Very first tree in XGBRegressor not centered

SilverBullet · November 10, 2020, 6:16pm

Just for learning purposes, I decided to turn off regularization and compare XGBRegressor with GradientBoostingRegressor from sklearn to see what else is different.

This is when I discovered that XGBRegressor doesn’t seem to use the sample mean as its very first prediction, as is typically done for the traditional GBM. A simple reproducible example is provided below.

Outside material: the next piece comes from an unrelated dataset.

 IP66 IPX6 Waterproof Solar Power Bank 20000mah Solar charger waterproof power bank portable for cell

You can see that for the same parameters, XGB and GBM produce predictions that are 100% correlated for the very first tree. However, GBM predictions are centered around the sample mean of y, which is expected, whereas XGB predictions have a constant offset from GBM predictions.

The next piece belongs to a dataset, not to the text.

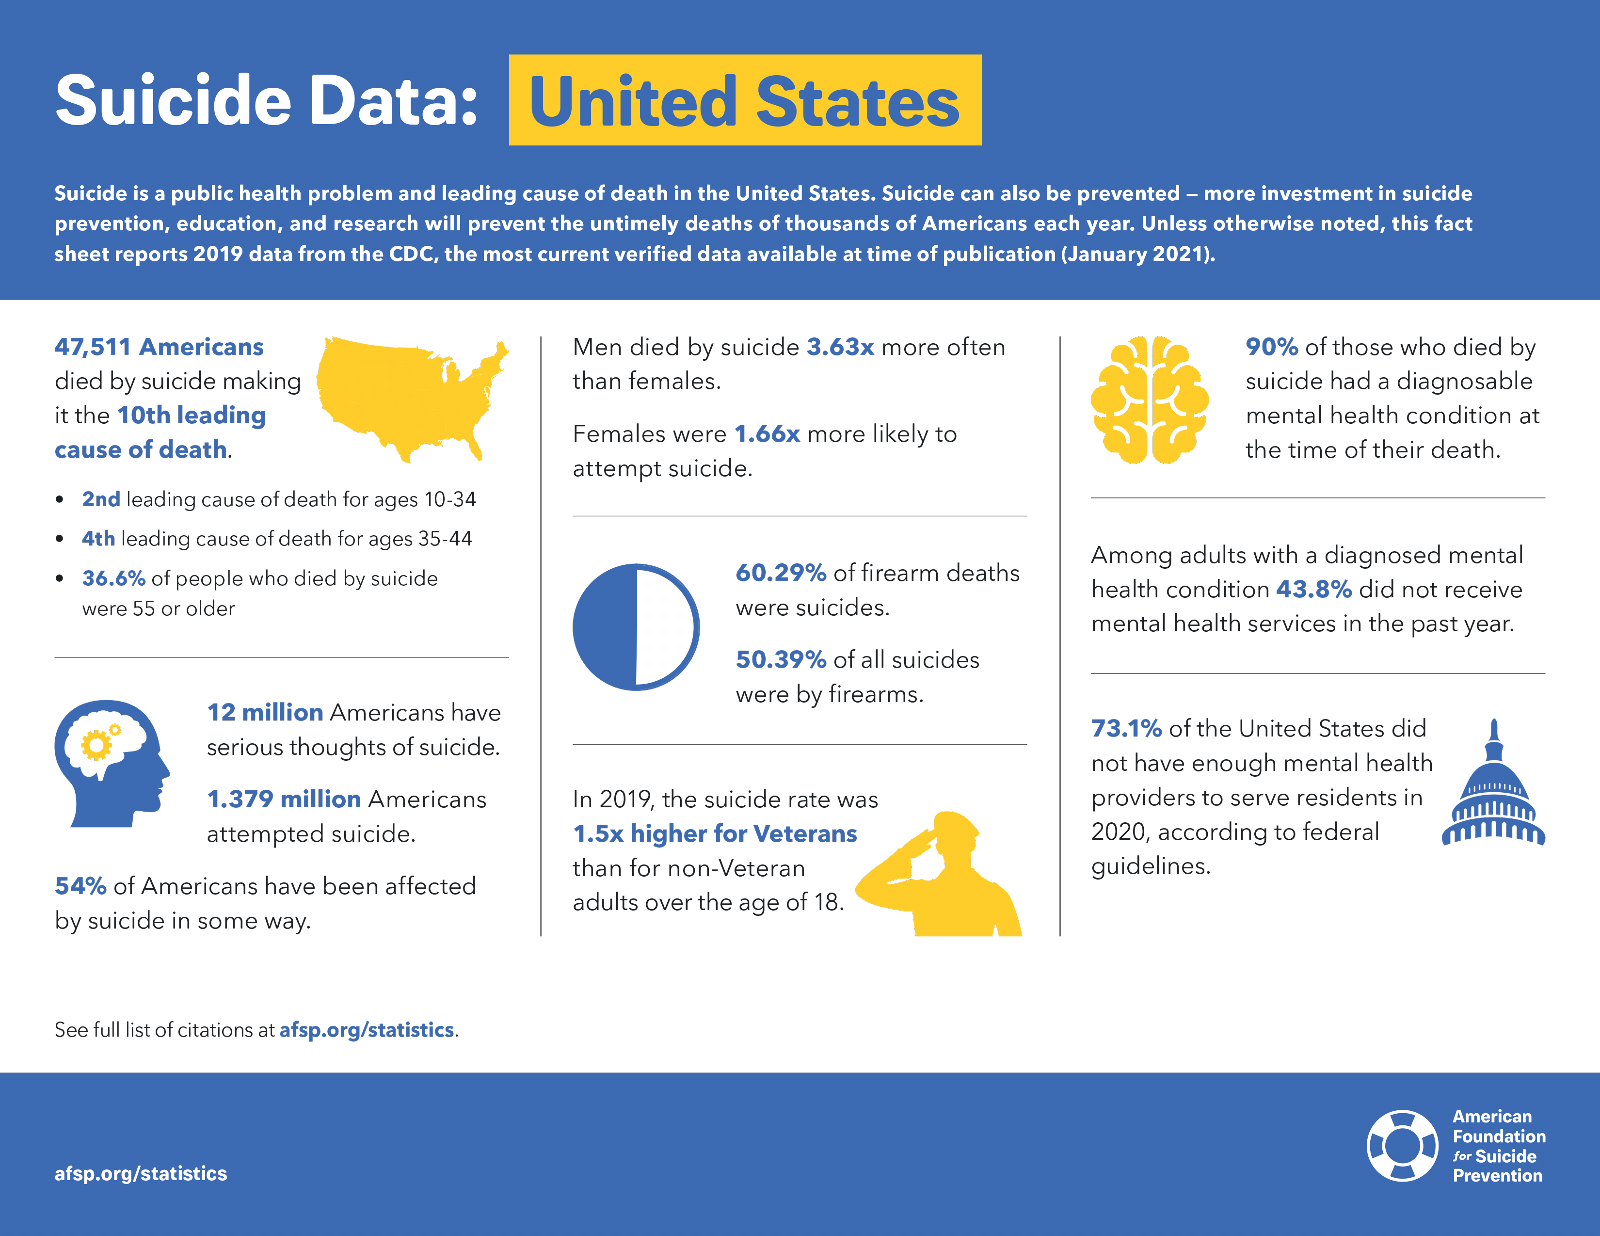 National Suicide Data 2019

As I increase the number of trees for XGBoost, I can see the predictions start to slowly ‘migrate’ towards the correct scale of the y variable.

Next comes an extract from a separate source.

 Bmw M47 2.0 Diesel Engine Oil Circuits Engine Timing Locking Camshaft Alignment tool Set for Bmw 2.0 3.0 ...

Can anyone help to explain this unexpected behavior or point me to the paper/documentation that describes this? Or perhaps I am missing some crucial parameter setting?

Thanks!

##############################################

from sklearn.ensemble import GradientBoostingRegressor
from sklearn.datasets import load_boston
from IPython.display import display
import pandas as pd
import xgboost

X, y = load_boston(return_X_y=True)

params = {‘n_estimators’: 1, ‘learning_rate’: 0.01, ‘max_depth’: 6} # Use only one tree

gbm = GradientBoostingRegressor(**params).fit(X, y)
xgb = xgboost.XGBRegressor(reg_lambda=0, **params).fit(X, y) # Turn off regularization

yhat = [y, gbm.predict(X), xgb.predict(X)]
yhat = pd.concat((pd.Series(y) for y in yhat), axis=1, keys=[‘y’, ‘gbm’, ‘xgb’])

display(yhat.describe())
display(yhat.corr())
display((yhat[‘gbm’] - yhat[‘xgb’]).describe().rename(‘GBM - XGB’).to_frame())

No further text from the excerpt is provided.